It's great seeing solutions that are a mix of combinatorics (isomorphism to a different, similar problem) and number theory ((n-1)!/n is an integer if n has 2 distinct factors). Awesome video!
Hey does anyone know how he’s determining if the number is an integer? Like he’s just saying how many twos the numerator and denominator have. How do you do that?
@@denny8529I have an idea. It’s cause when they have the same factors on top and bottom [say you have (3*2^4)/(2^2)], then by counting the amount of 2’s you can determine if it’s an integer since the denominator cancels out. Hope it helps! (and was the right idea 😅)

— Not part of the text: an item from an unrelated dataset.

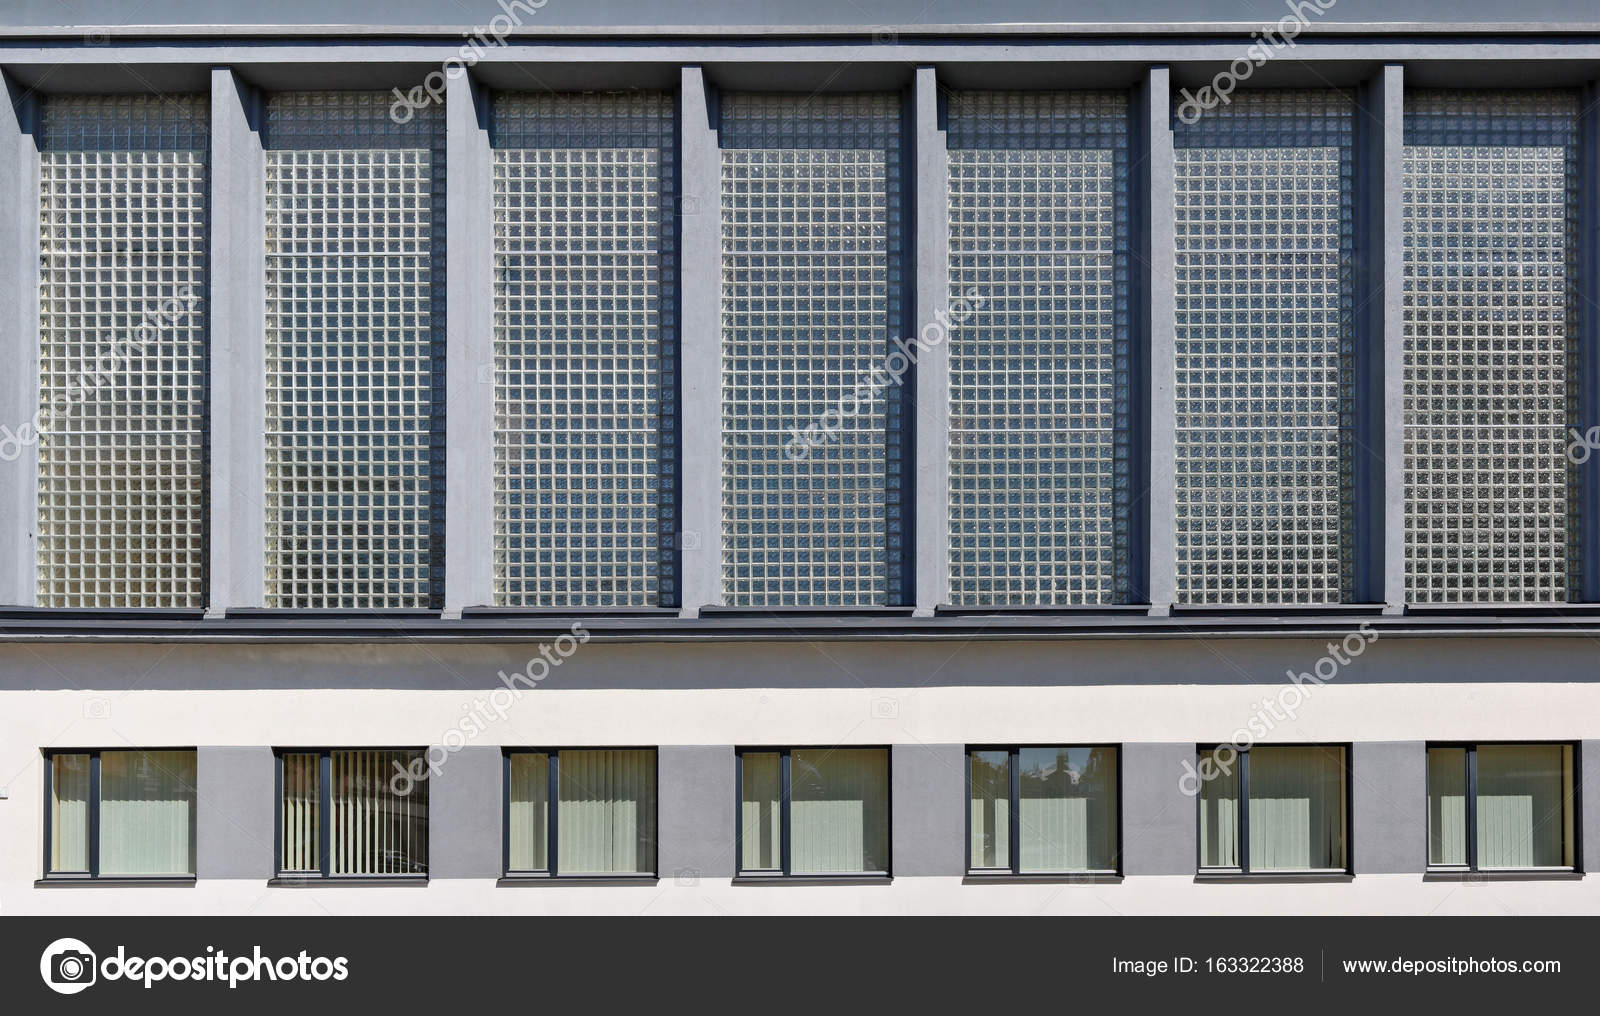 Wand aus Glasbausteinen — Stockfoto © vilaxlt #163322388

Tejasv Bhatia I had to wrap my head around that too. For example, (5^2-1)! = 5 x (5x2) x (5x3) x (5x4) x some integer. This integer has a 5^4 x some value M, whereas (5!)^5 has a 5^5 x some value N, and thus (5^4 x M)/(5^5 x N) = 1/5 x M/N. Because we’ve already accounted for any multiples of 5 within the 24! and (5!)^5, we have no 5s in M or N. This means M/N can’t possibly be a multiple of 5, and thus 1/5 x M/N cannot be an integer. With composite values of n, such as n=6 for (6^2-1)!, there are more than 5 ways (as in 6x12x18x24x30) to get some multiple of 6 (take for example 2x3, 4x9, ...), as well as more than six 6s in (6!)^6 (6! = (1x4x5) x (2x3) x 6 = 20 x 6^2 => (6!)^6 = 20^6 x 6^12). In short, thanks to the prime factorization of composites such as 6, (n^2-1)! and (n!)^n have higher powers of n than just (n-1) and n respectively. This leads to the question of whether or not these values of n work out, and like he said, any composite value except for 4 does work out to be an integer.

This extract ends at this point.